Entre Tailandia y Nueva York,

entre los confines del globo,

en un abrir y cerrar de ojos

el mundo era pequeño.




Soberbios en nuestra tecnología

creíamos ser mejores que los dioses que nos crearon.

Nos rebelamos y reclamamos el reino,

ese paraíso terrenal.




II

Pero la naturaleza no olvida…

De vez en vez

tiene que recordarnos

que somos frágiles,

finitos,

mortales.







Encerrados con nuestros demonios

se rompen vínculos.




Asistimos a la autopsia de un amor

que ha muerto …

( y que no sabíamos de su deceso hasta

contemplarnos en este forzoso encierro).




Juntos descubrimos el cadáver de lo que fuimos…

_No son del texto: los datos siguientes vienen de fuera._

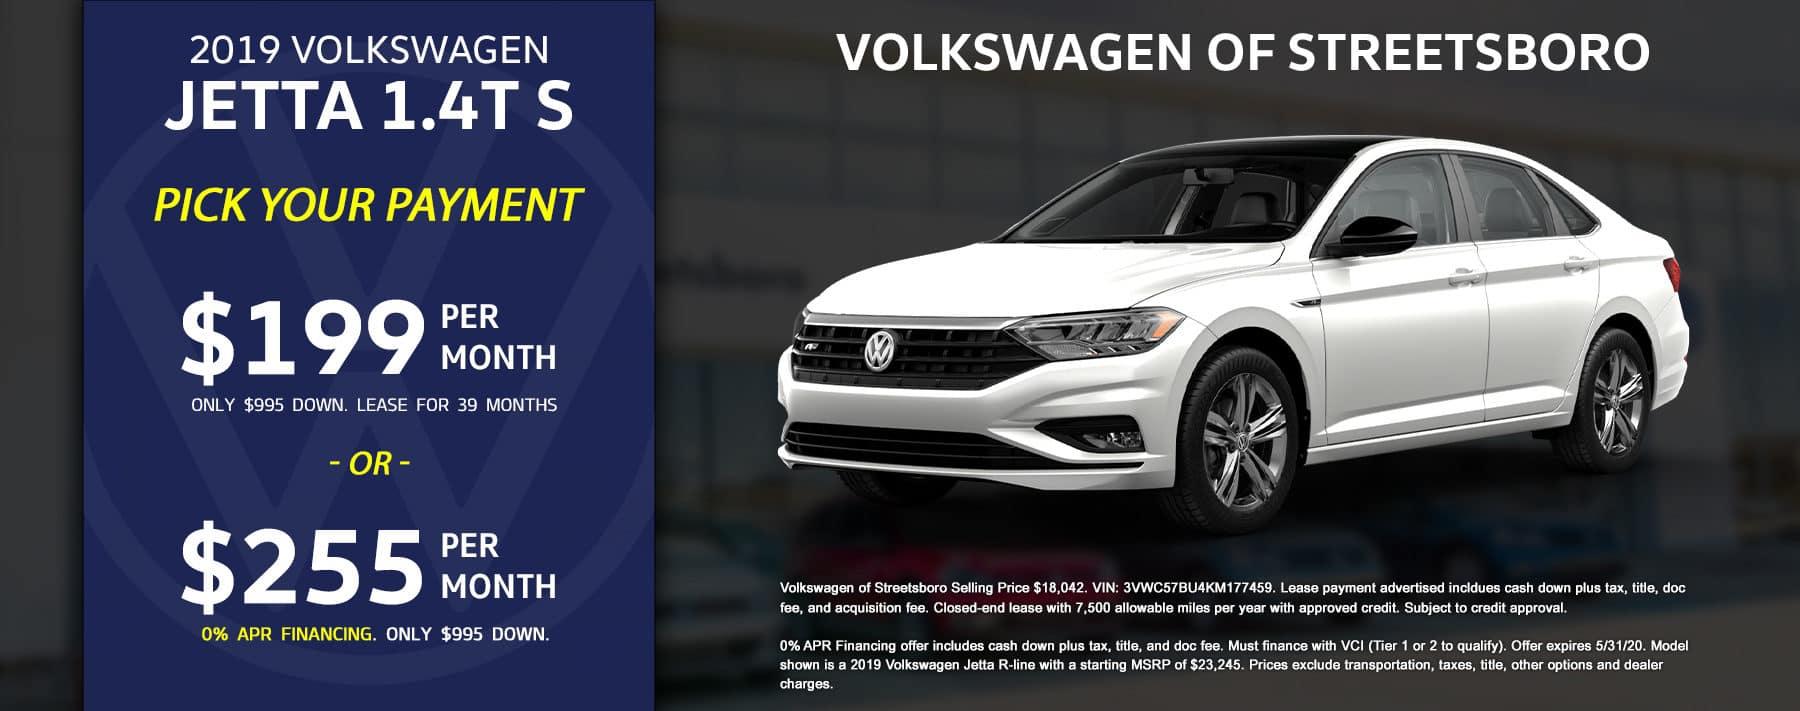 2019 VW Jetta - May 2020

Se forzó la convivencia del león y del cordero,

del verdugo y la víctima.




Ya no sabemos vivir juntos…

Necesitamos distancia,

aplicaciones,

selfies, videollamdas, chat en línea

para alejarnos / acercarnos

a esa falsa realidad virtual.




III

Hoy los dados vuelven a rodar…

El azar vuelve a reinar,

todos podemos desvanecernos.




La muerte invisible galopa entre nosotros

Infectarnos, contagiarnos

Ya sea un abrazo,

un beso,

un contacto casual,

un estornudo, un lagrimeo.




IV

¿Cómo seremos cuando el pánico vuelva a ser adormecido?

Cuando se clame que la emergencia ha cesado…




Cuando olvidemos a los muertos, a los enfermos …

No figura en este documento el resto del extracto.